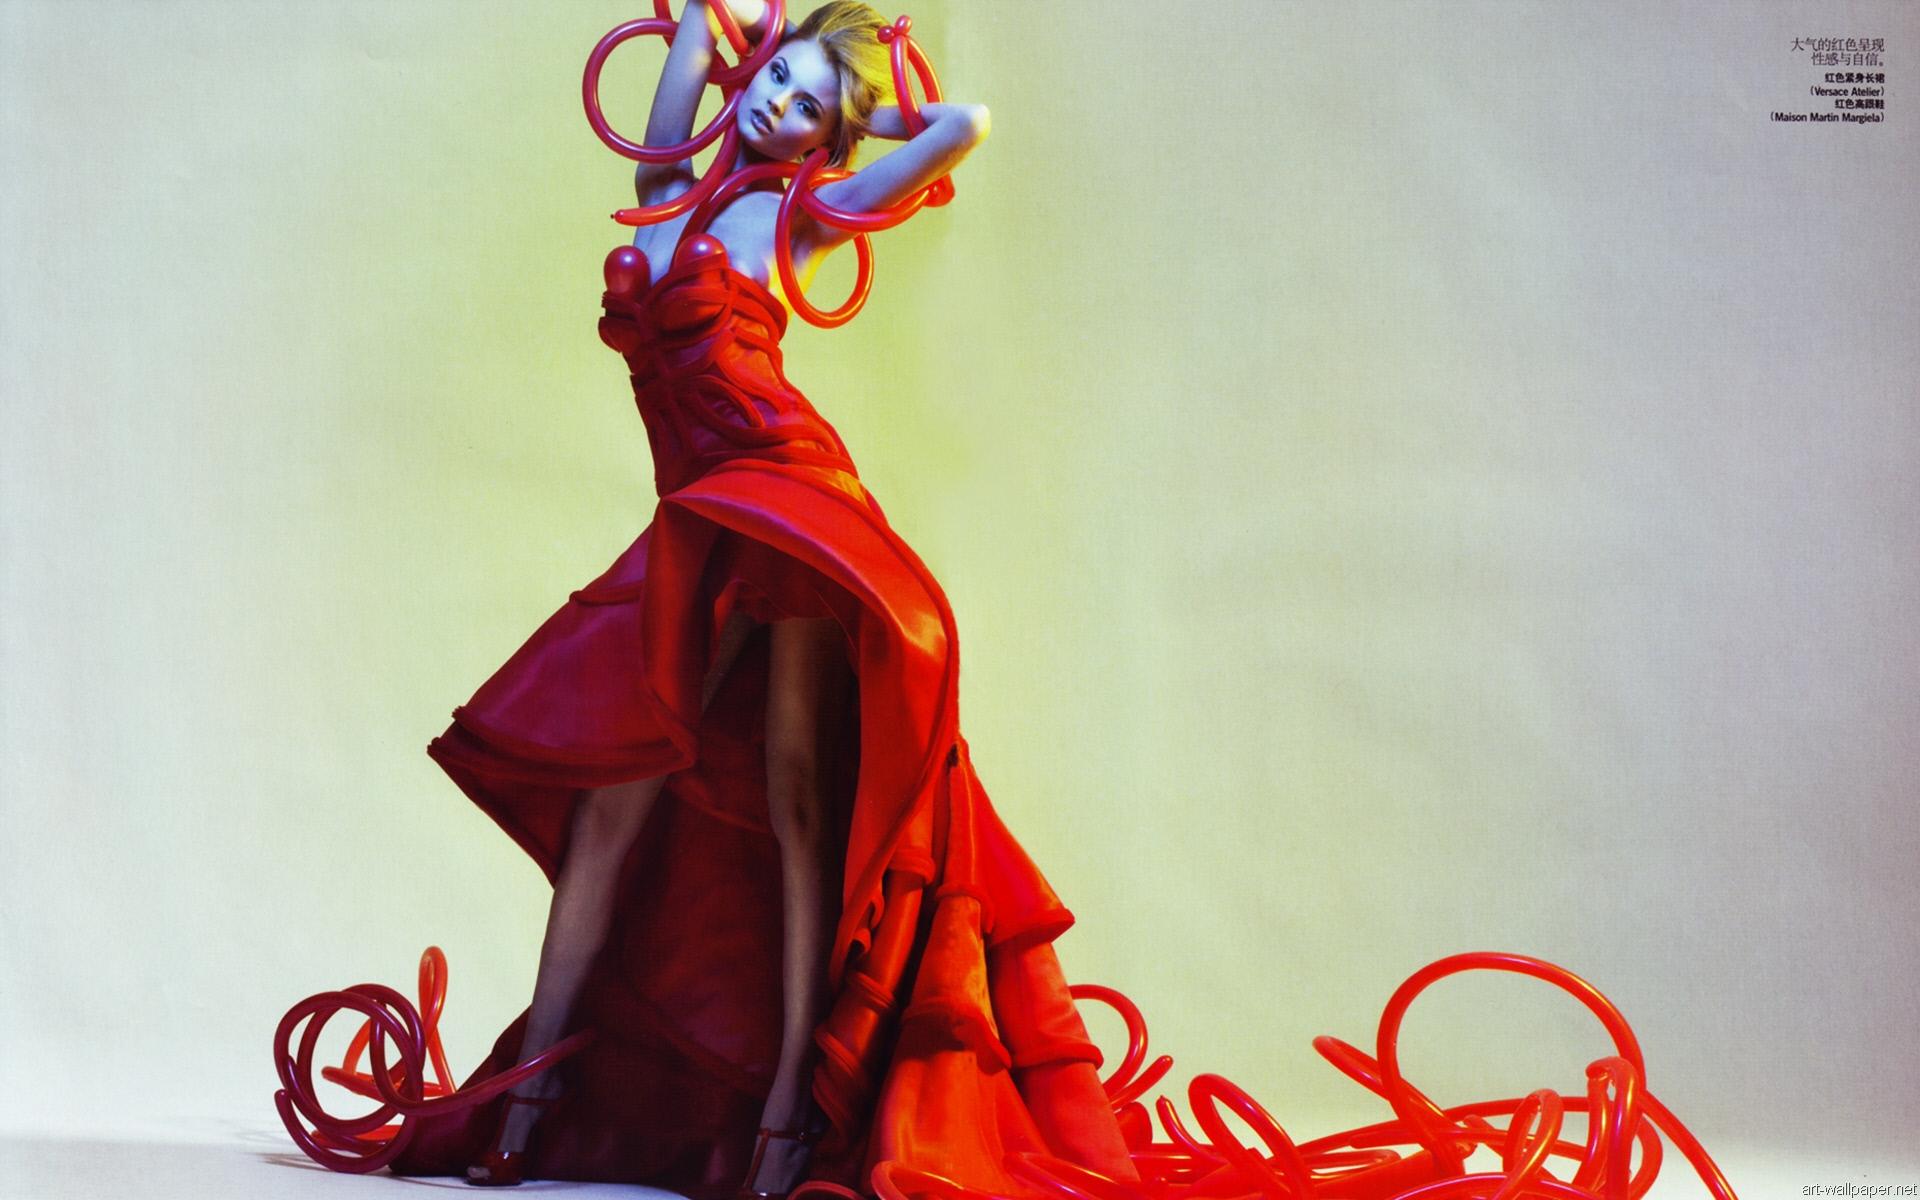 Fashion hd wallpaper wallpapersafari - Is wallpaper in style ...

= = = =

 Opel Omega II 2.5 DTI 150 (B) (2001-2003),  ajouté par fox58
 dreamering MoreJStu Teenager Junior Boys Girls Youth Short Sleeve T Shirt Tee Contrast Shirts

= = = =

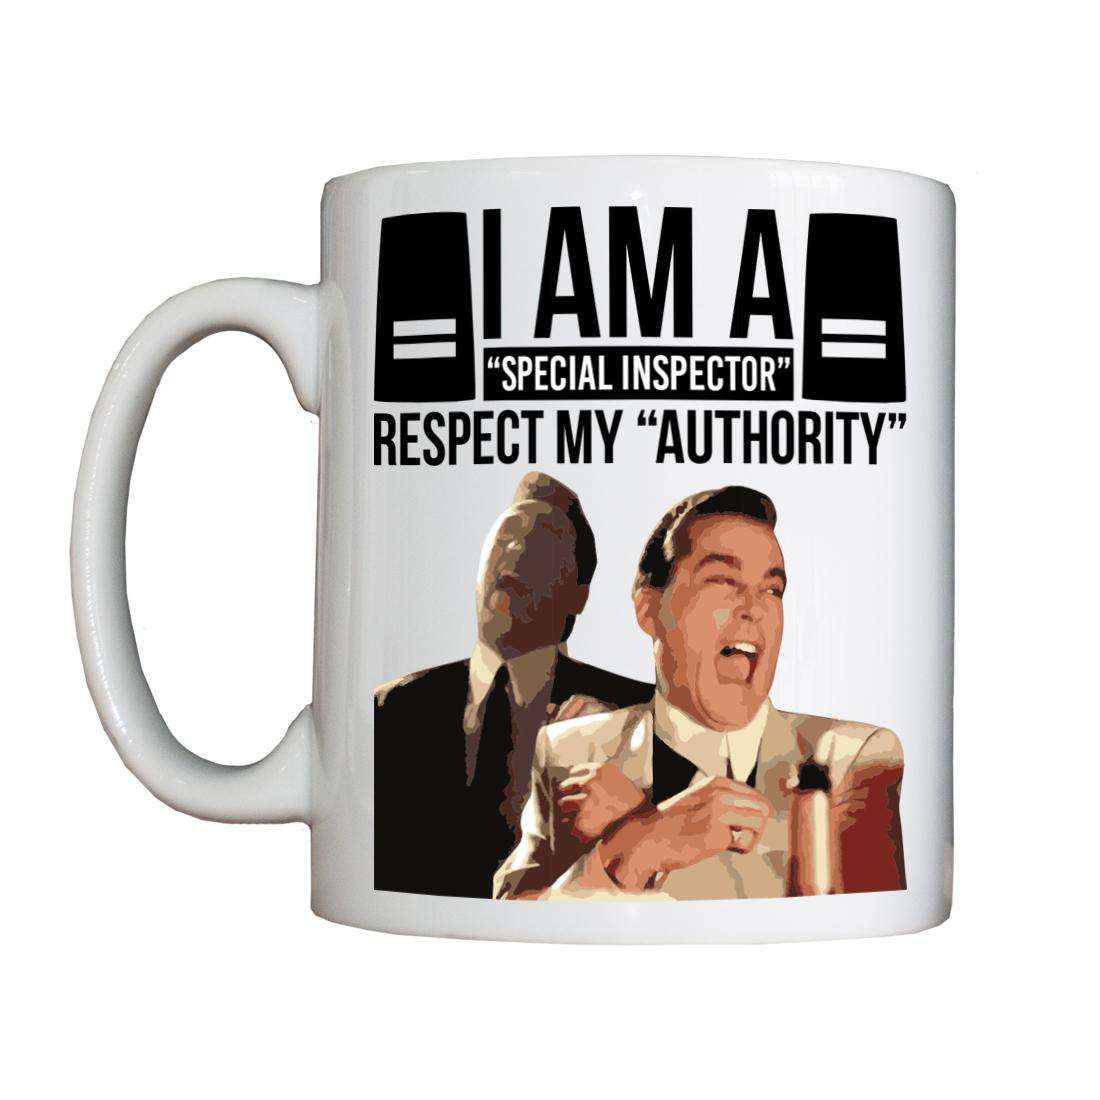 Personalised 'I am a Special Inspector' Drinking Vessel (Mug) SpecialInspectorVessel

= = = =

▶ **Work item**
Return, word for word, the lines of the data above from the line with "Opel Omega II" through the line with "dreamering MoreJStu Teenager", inclusive.

▶ **Written reply**
 Opel Omega II 2.5 DTI 150 (B) (2001-2003),  ajouté par fox58
 dreamering MoreJStu Teenager Junior Boys Girls Youth Short Sleeve T Shirt Tee Contrast Shirts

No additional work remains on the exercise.